TASK OBJECTIVE :: With the pictures left out, write out exactly the lines of the listing below that run from the line with "masks covid19 covid" through the line with "ET2 EC95022 RapidJack".

DATA UNDER STUDY ::

Content starts

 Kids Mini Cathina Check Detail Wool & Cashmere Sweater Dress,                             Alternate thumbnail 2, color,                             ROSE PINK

Content ends
Content starts

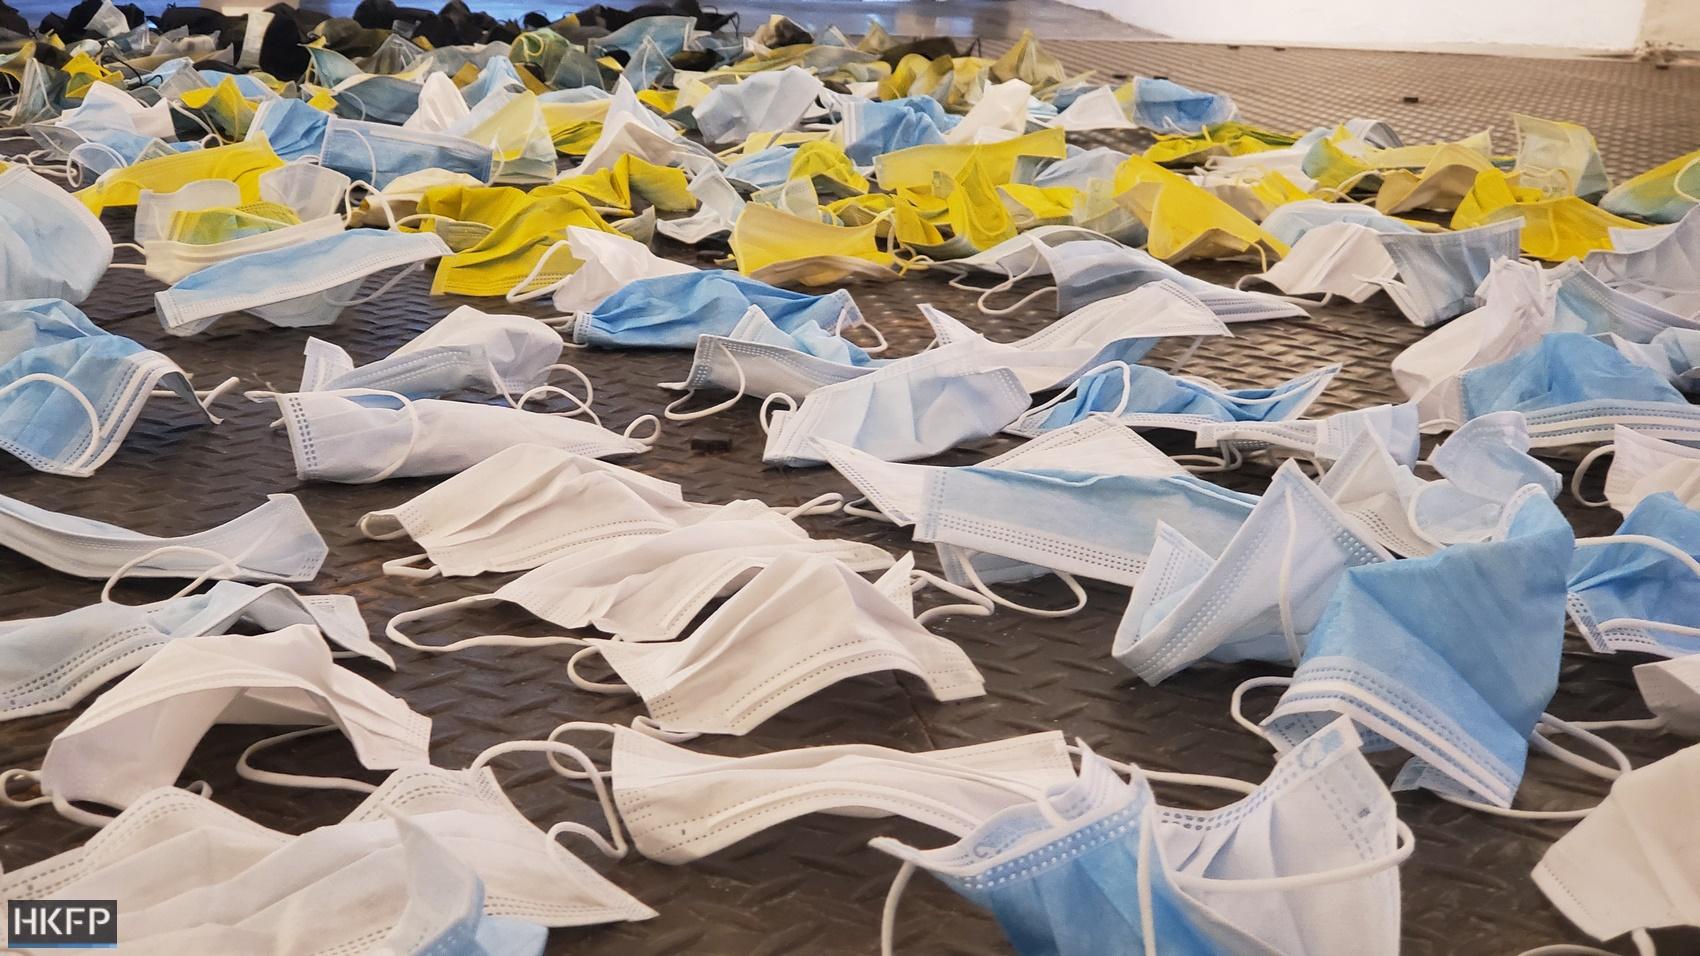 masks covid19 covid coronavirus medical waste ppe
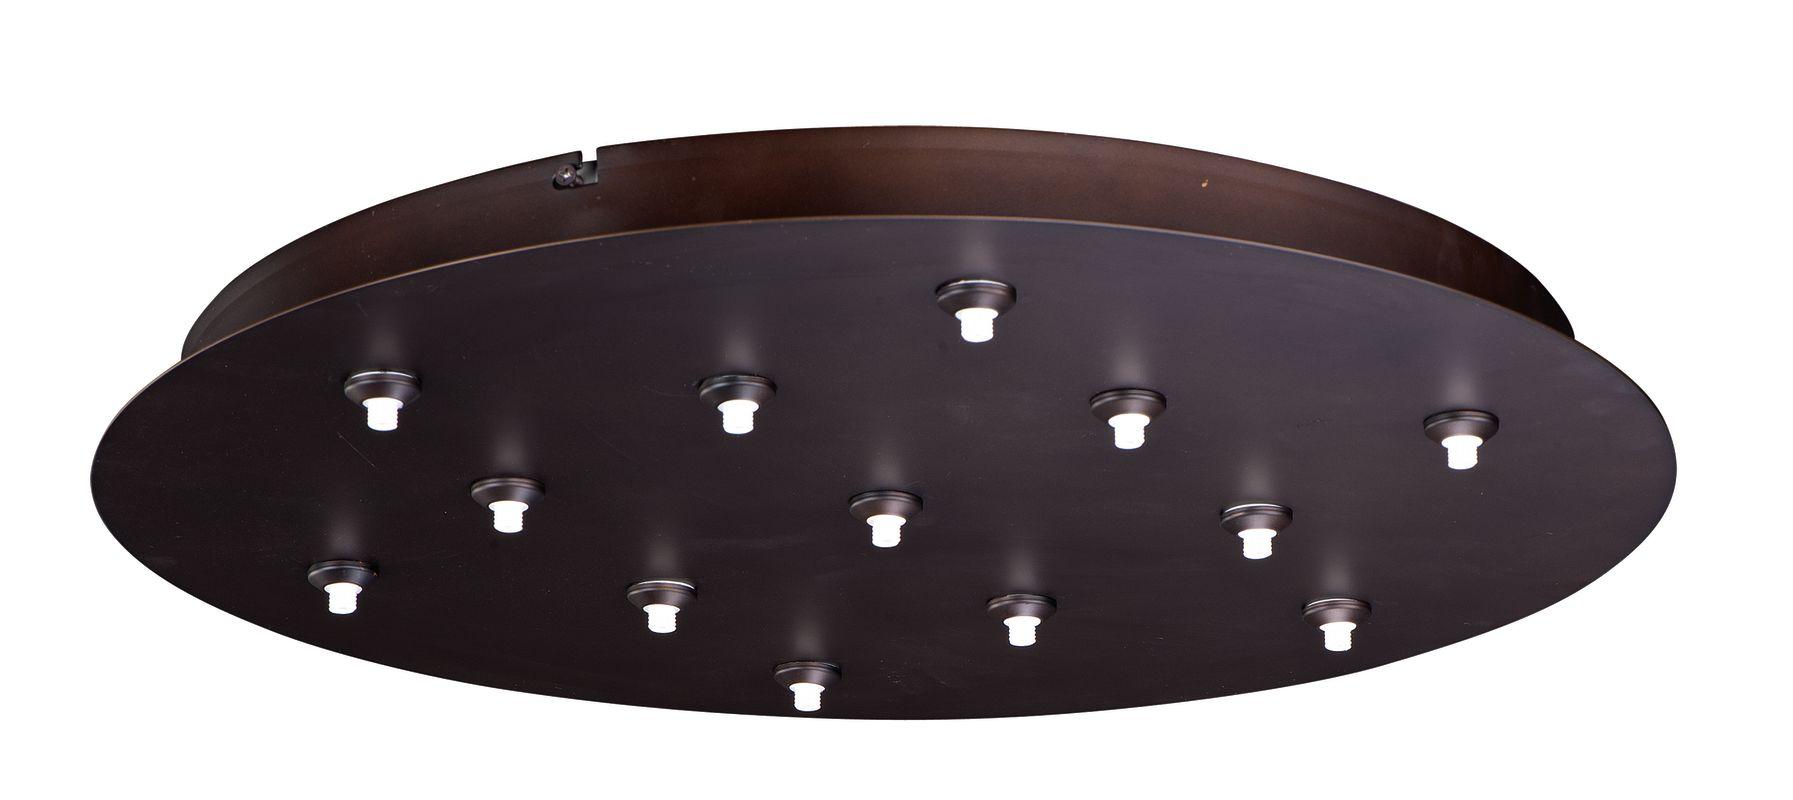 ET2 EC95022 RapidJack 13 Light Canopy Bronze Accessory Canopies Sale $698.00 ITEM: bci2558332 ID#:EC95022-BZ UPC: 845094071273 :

Content ends

RESULT ::
 masks covid19 covid coronavirus medical waste ppe
 ET2 EC95022 RapidJack 13 Light Canopy Bronze Accessory Canopies Sale $698.00 ITEM: bci2558332 ID#:EC95022-BZ UPC: 845094071273 :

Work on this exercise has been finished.